• _What to work on_
Only some lines are wanted: please transcribe exactly those from the one containing "2015 Lamborghini Lp610" through the end of the data, pictures excluded.

(Beginning of Data section)

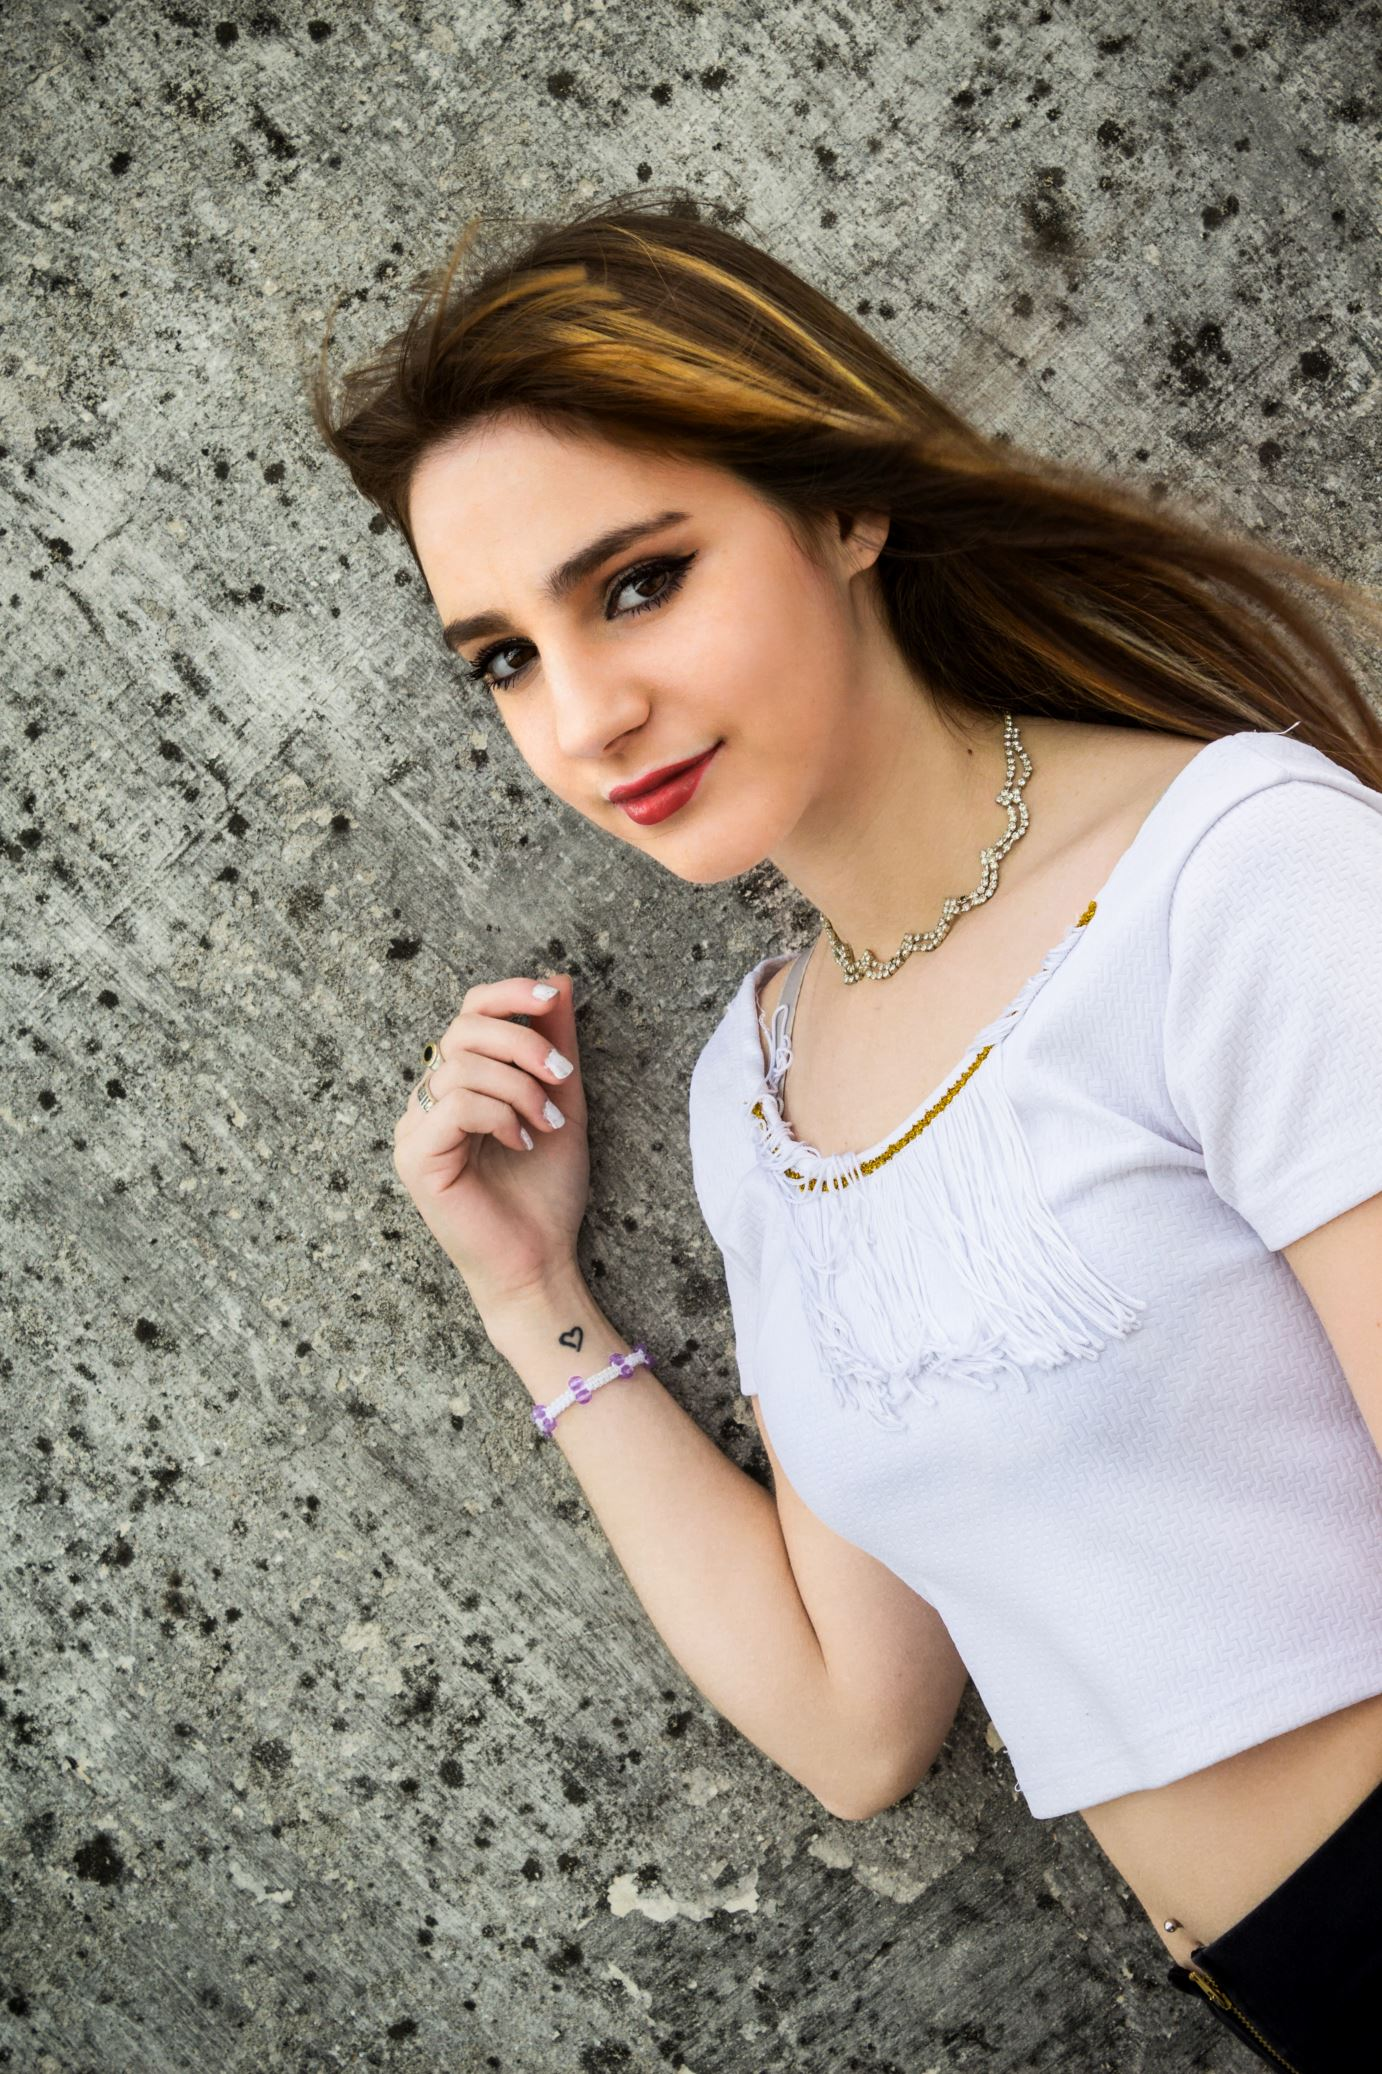 Tatiana #9
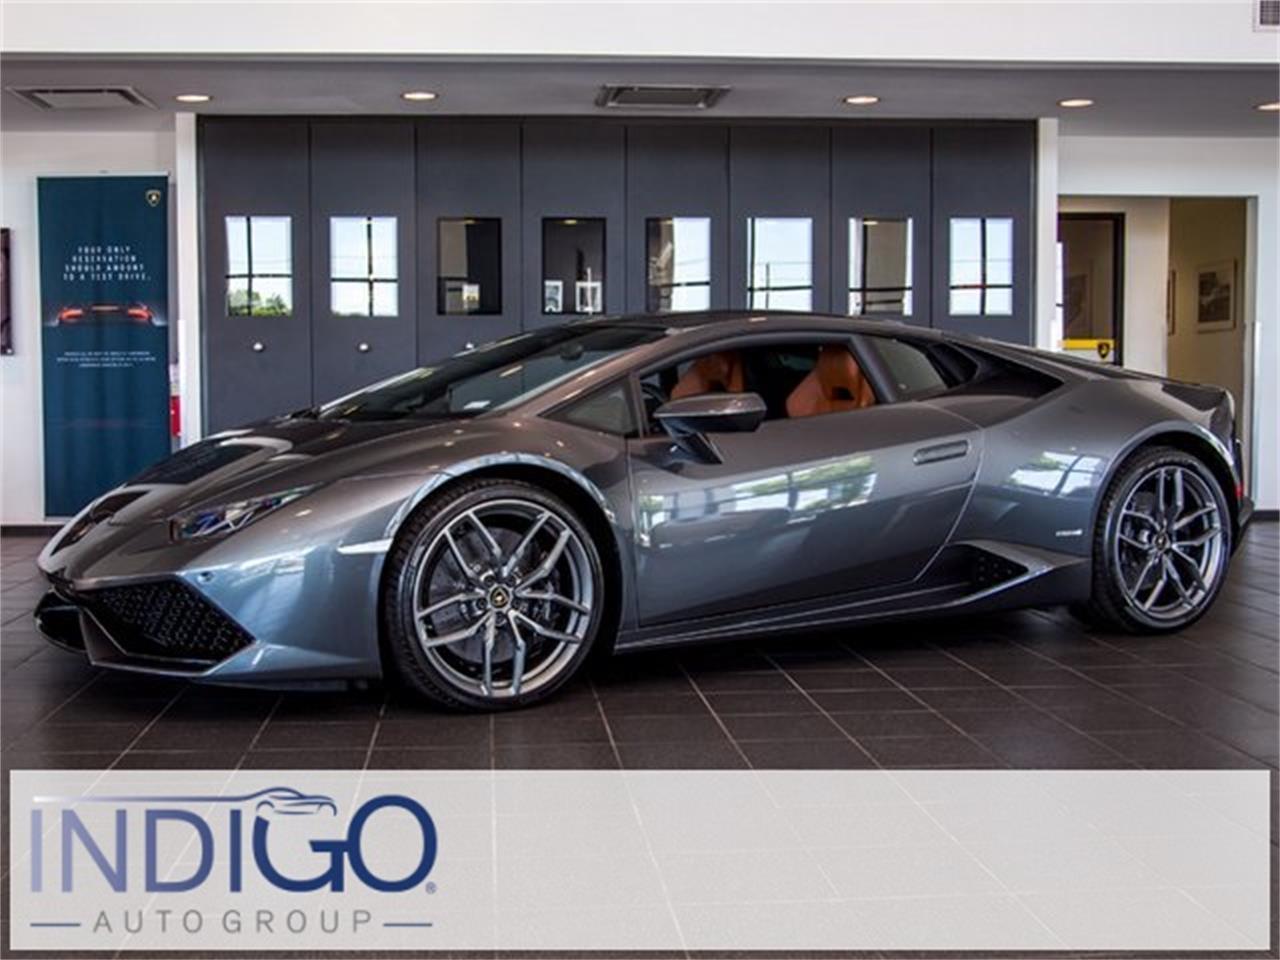 2015 Lamborghini Lp610 4 For Sale Classiccars Com Cc 1057115
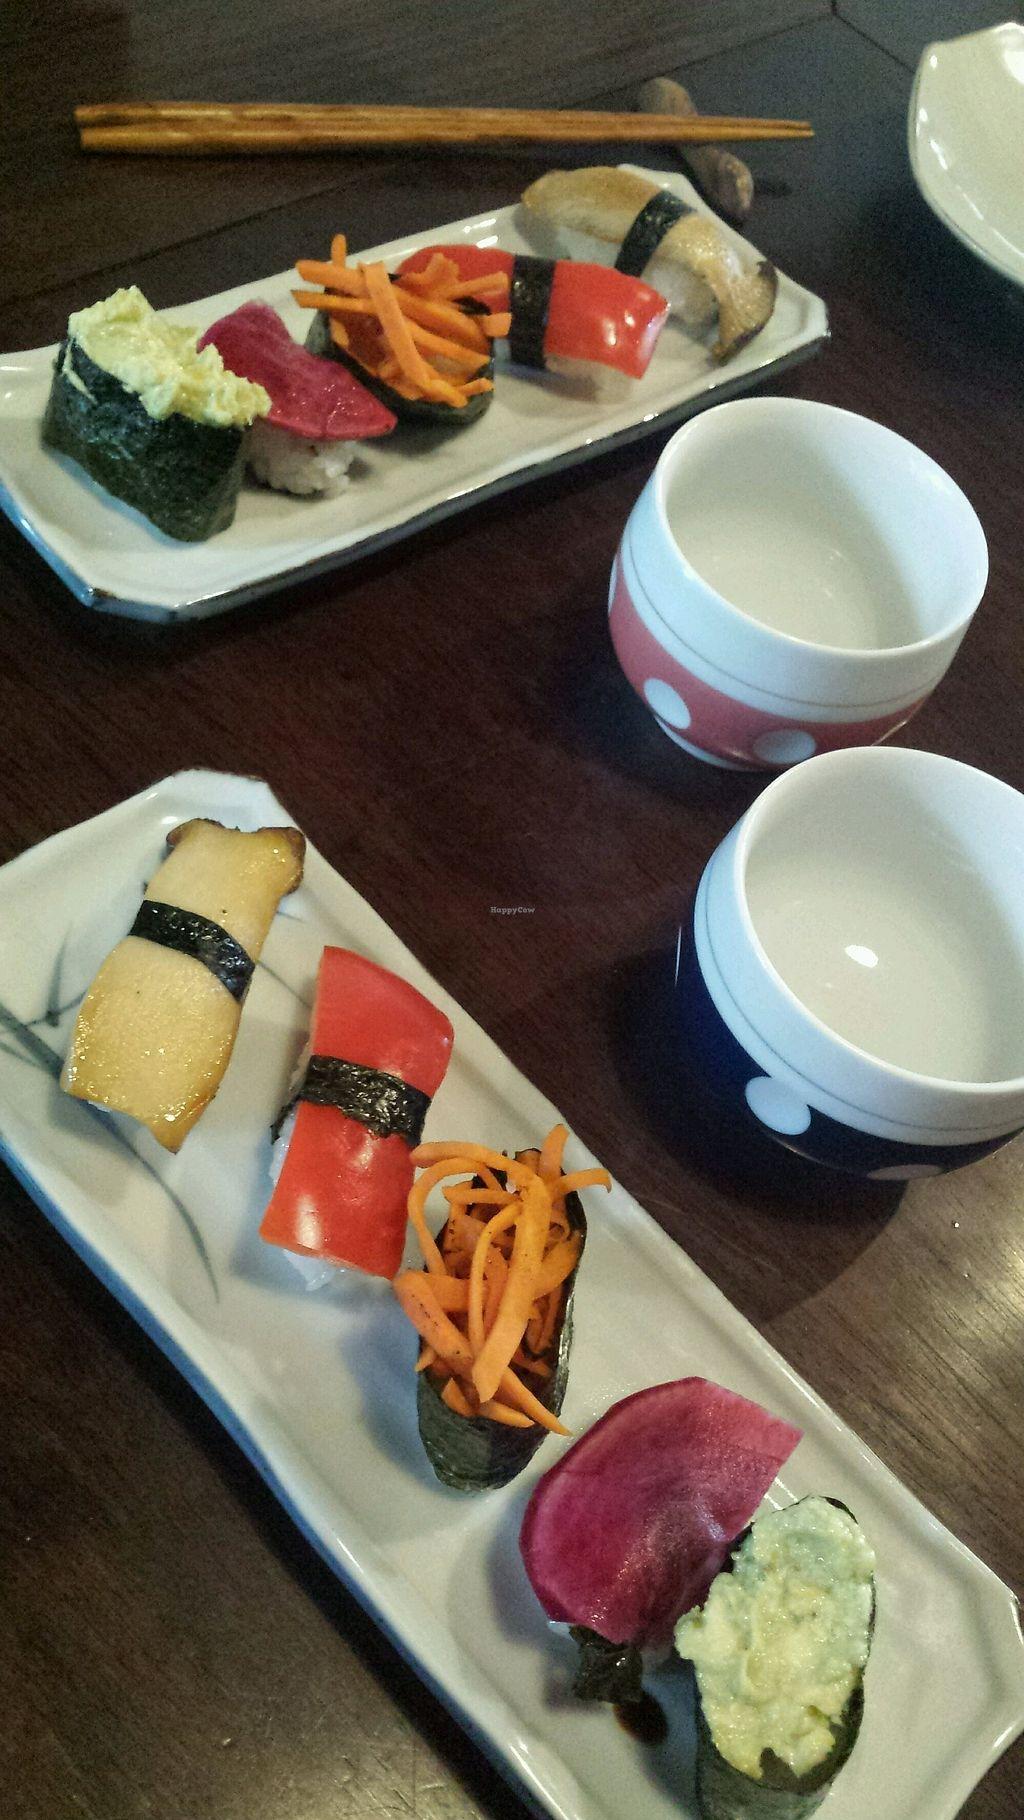 "Photo of Itadakizen Kyoto  by <a href=""/members/profile/FabianBr%C3%A4u"">FabianBräu</a> <br/>vegan sushi <br/> February 25, 2018  - <a href='/contact/abuse/image/110323/363471'>Report</a>"

(End of Data section)

• _The completed task_
 2015 Lamborghini Lp610 4 For Sale Classiccars Com Cc 1057115
 "Photo of Itadakizen Kyoto  by <a href=""/members/profile/FabianBr%C3%A4u"">FabianBräu</a> <br/>vegan sushi <br/> February 25, 2018  - <a href='/contact/abuse/image/110323/363471'>Report</a>"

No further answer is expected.